Although these steps are limited, they suggest that the crown prince intends to at least partially roll back Saudi’s prohibitive cultural legislation, and reduce the influence that hardline Islam has over the legal system. This is a net-positive from a business perspective, as it creates a more favourable climate for foreign business staff within the country, and will ease Western criticisms of Saudi Arabia’s human-rights record. The development of Saudi cultural infrastructure, and increased freedom for women, will incentive expatriates to deploy to the country, and allay some concerns many potential expatriates have about deploying to Saudi Arabia.

A2 advises human-resources managers to continue to brief staff on Saudi Arabia’s ultra-conservative social laws before deployment in the country, and notes that personnel taking advantage of any relaxation in the prohibitive legal environment could still face harassment by conservative elements within society. This includes the capital Riyadh, although A2 notes that standards are marginally more relaxed in the coastal city of Jeddah.

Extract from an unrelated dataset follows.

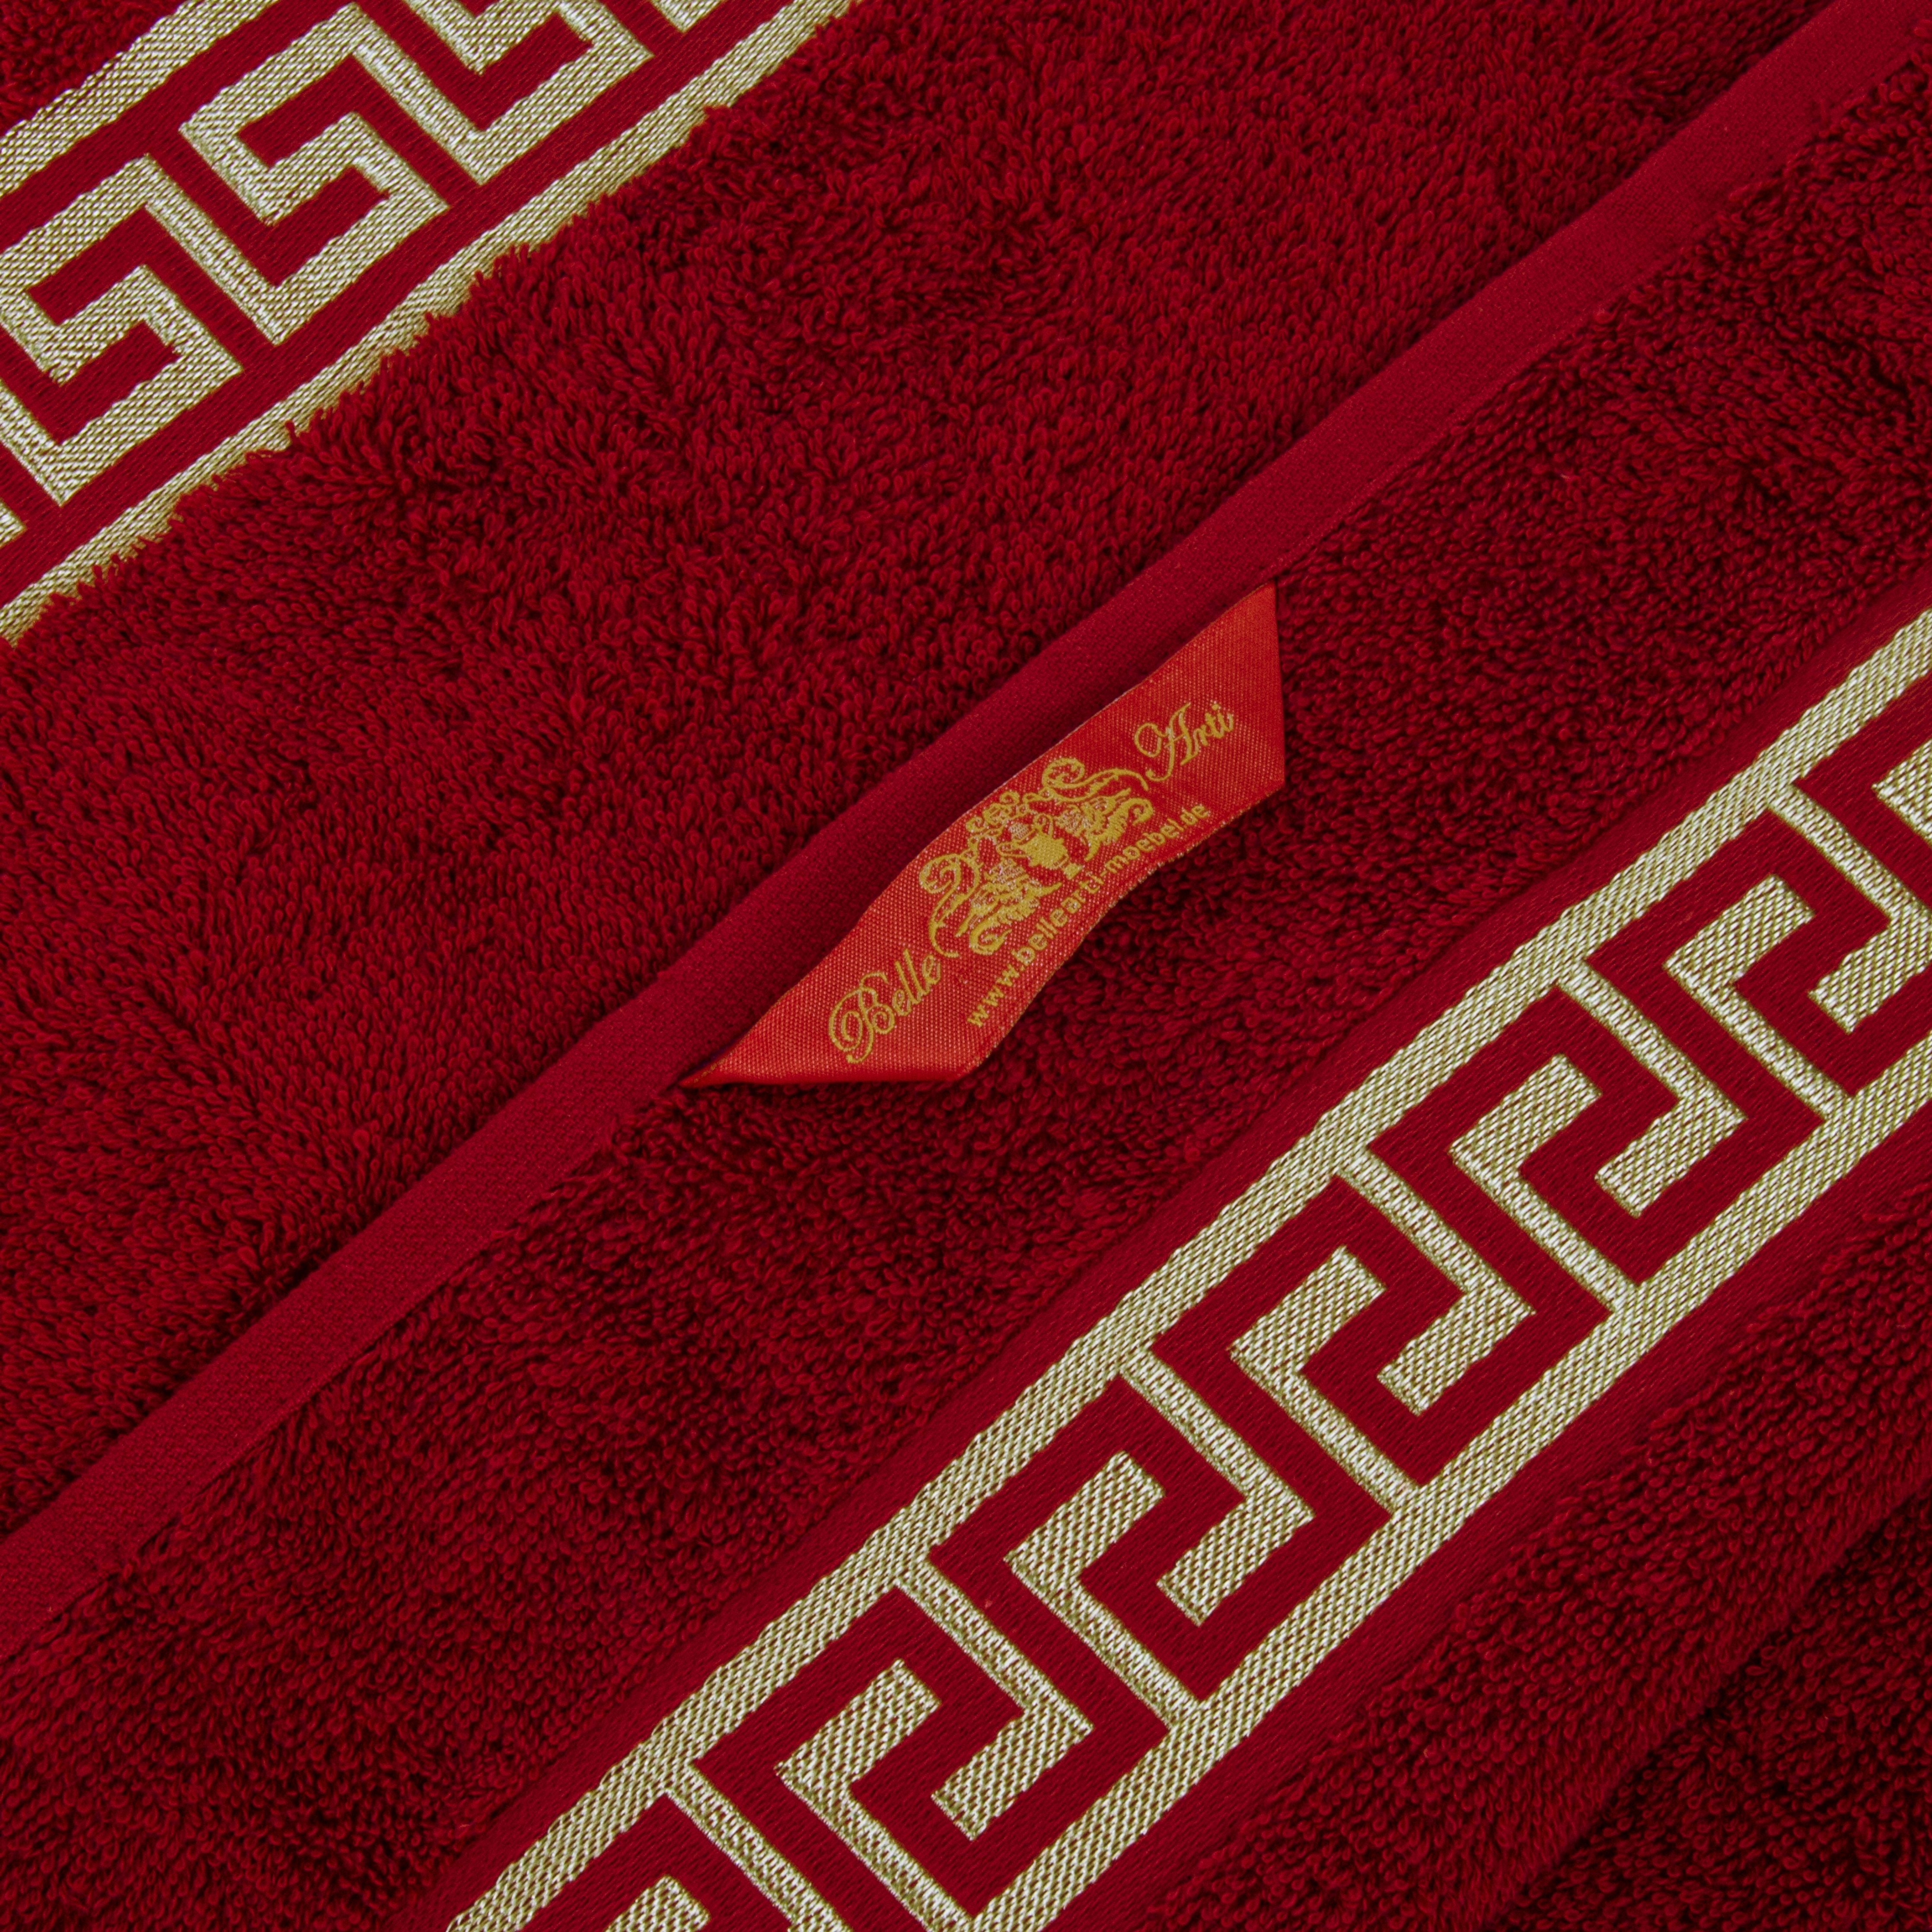 Luxus Handtücher Mäander in rot gold eingestickt - 100% Baumwolle Frottee - okötex

The crown prince intends to at least partially roll back Saudi’s prohibitive cultural legislation

Salman has also taken steps to shift the country away from its reliance on oil. According to the country’s own statistics ministry, the petroleum sector accounts for around 64 per cent of government revenue, 74 per cent of exports, and 25 per cent of total GDP. The petroleum sector has allowed Saudi Arabia to amass a powerful sovereign wealth fund of around USD580 billion, but has also left the country exposed to fluctuations in global energy markets. Global oil prices have fallen dramatically since 2014, when the real oil price was over USD100 per barrel, to below USD50 per barrel in the current market. This led the IMF to lower its 2017 growth forecast for Saudi Arabia to 0.4 per cent.

Even if global oil demand increases – as the International Energy Agency predicts – the growth of U.S.-based shale oil producers and other alternate markets such as Iran will permanently undercut Riyadh’s oil industry.

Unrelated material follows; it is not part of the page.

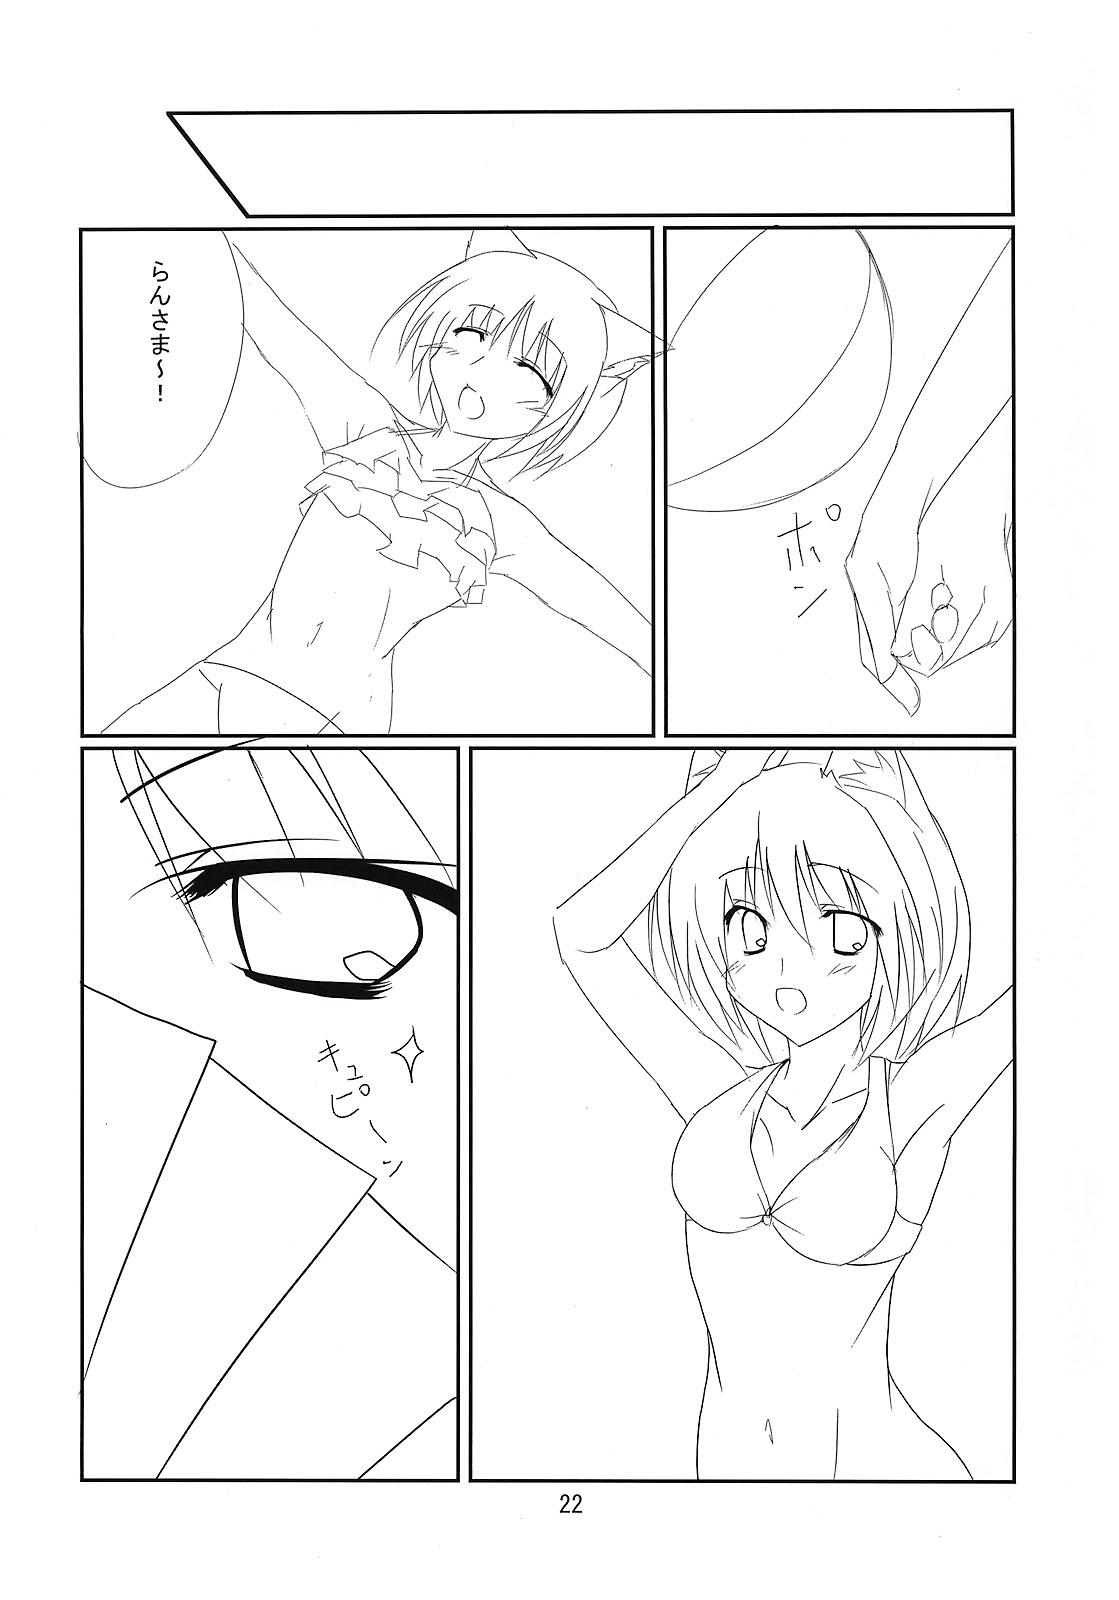 RAN × Yukari AND Alice × Marisa 20

Salman has moved to rectify this structural weakness within the Saudi economy by advancing a new economic development plan called ‘Vision 2030’. The programme, which describes itself as a plan ‘to reinforce and diversify the economics of [the Saudi] economy’, sets out a National Transformation Programme (NTP). The NTP sets out specific goals, such as creating 450,000 nongovernmental jobs by 2020, encouraging private sector development, modernising domestic digital infrastructure and expanding total oil revenues to SAR530 billion (USD141 billion). Salman’s steps to diversify the country’s economic activity will therefore provide Saudi with additional insulation against further shocks to global energy markets.

However, Saudi Arabia has a secondary economic weakness. According to the country’s own statistics, unemployment stands at 5.9 per cent as of Q4 2016. Although this figure is not high by global standards, it masks a major structural difference between female and male employment. The unemployment rate amongst Saudi women stands at 23.6 per cent as of Q4, and religious-cultural concerns over the role of women in the workforce mean that they face severe to making an economic contribution. This is despite the high levels of Saudi women with tertiary education. Furthermore, the government relies on expatriates to fill approximately 85 per cent of private sector roles, as there is a trend amongst Saudis to prefer well-paying government jobs. This complicates the crown prince’s intention to diversify the economy, as such change will be reliant on expatriate communities in the short-term, and dependent on engaging the domestic workforce in the private sector over the long-term.